Выбрать главу

Я вздрогнул всем телом. Пайчадзе не пошевельнулся. Мы оба не ответили.

- Приведите сюда Бейсона. - Белопольский обращался ко мне.

Привести Бейсона… Так вот кому придётся заменить на корабле Камова! Мы вернёмся на Землю вчетвером, как и прибыли сюда.

Я открыл дверь каюты и сказал:

- Идите за мной!

- Корабль улетает с Марса? - спросил американец.

Я ему ничего не ответил.

Всё это время я старался не смотреть на часы, но теперь не мог оторвать от них взгляда. Я видел, что Пайчадзе тоже смотрел на них. Стрелка неуклонно и, как мне казалось, очень быстро приближалась к цифре восемь.

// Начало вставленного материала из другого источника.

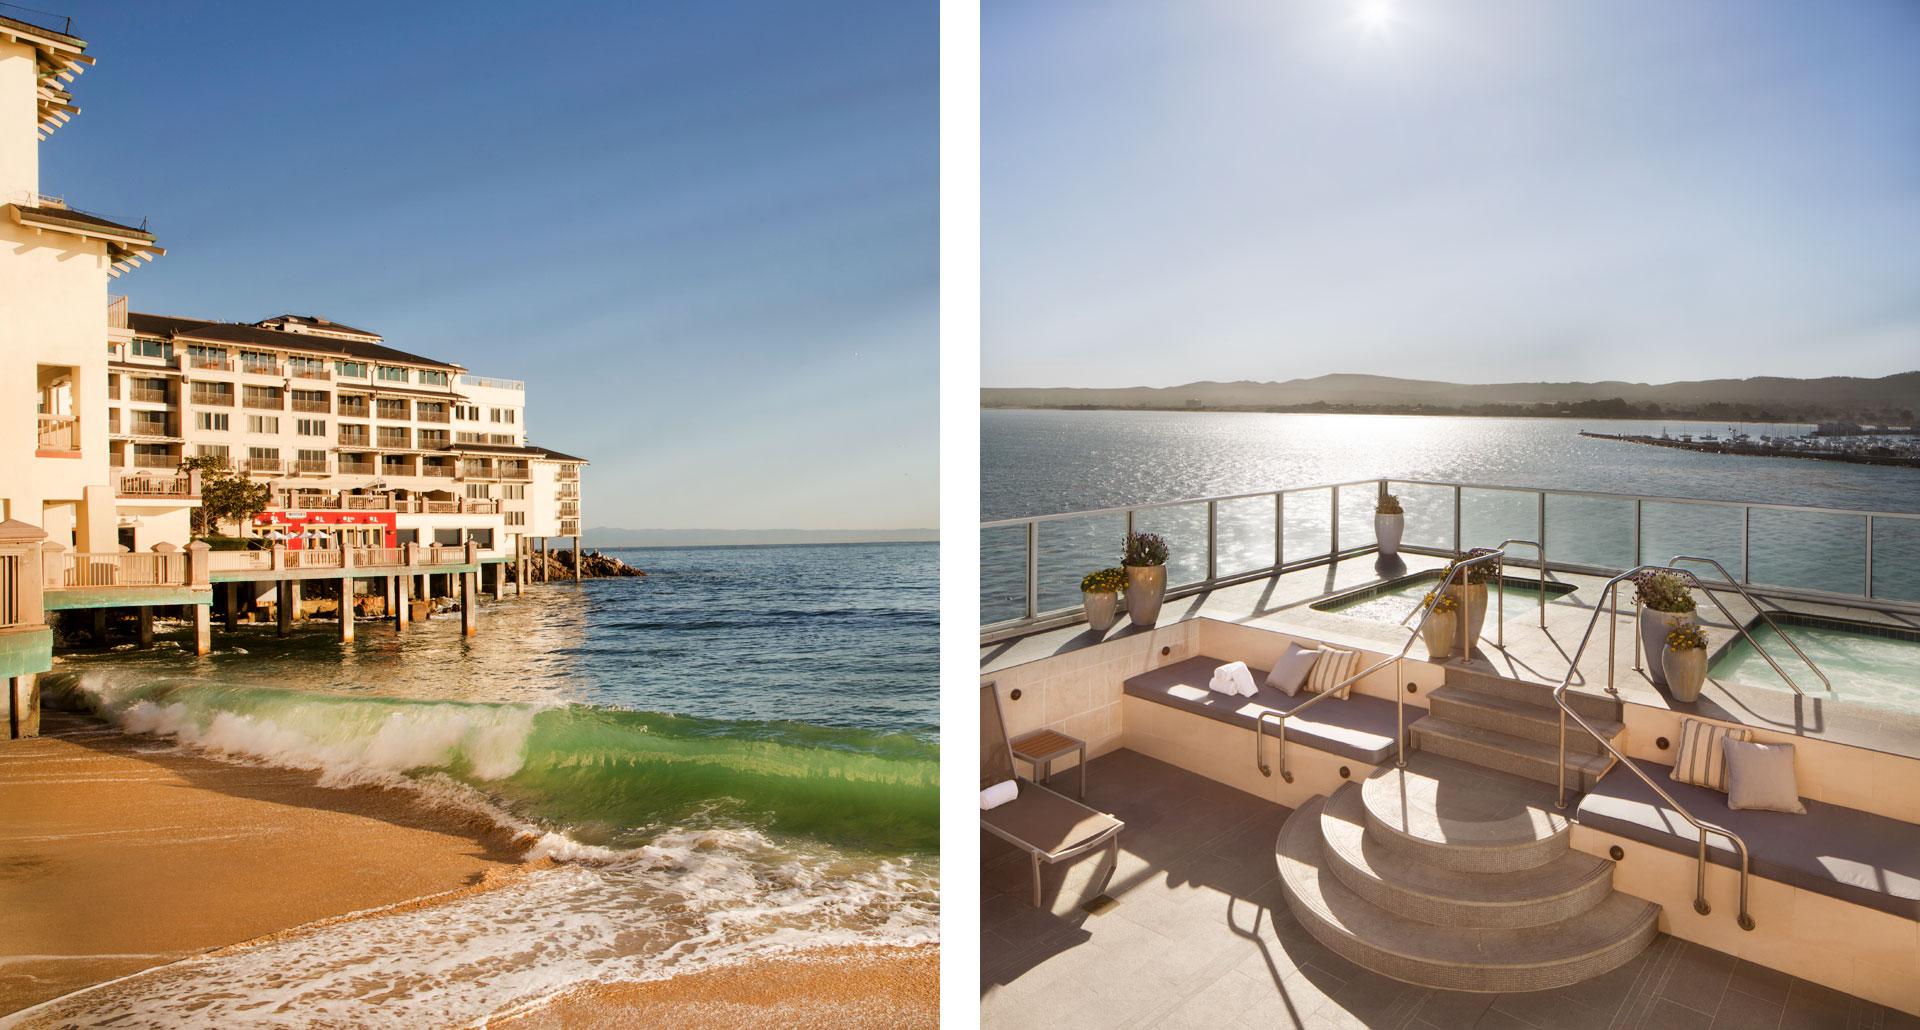 Monterey Plaza Hotel - boutique hotel in Monterey

- Наденьте шлемы! - по-английски сказал Белопольский. Ему не хотелось два раза произносить эту страшную фразу. Он протянул шлем Бейсону. Я заметил, что это был его собственный шлем. Тот, который принадлежал Камову, он оставил себе.

Итак, всё кончено! Мы улетаем!…

- Константин Евгеньевич, - прошептал Пайчадзе.

Белопольский вопросительно посмотрел на него, но Арсен Георгиевич не сказал больше ни одного слова.

Прошла бесконечно длинная секунда.

- Хорошо! - сказал Белопольский. - Я буду ждать ещё двадцать минут.

Пайчадзе вдруг встал и сказал громко и отчётливо:

- Вездеход мог сломаться. Сергей Александрович ждёт нас.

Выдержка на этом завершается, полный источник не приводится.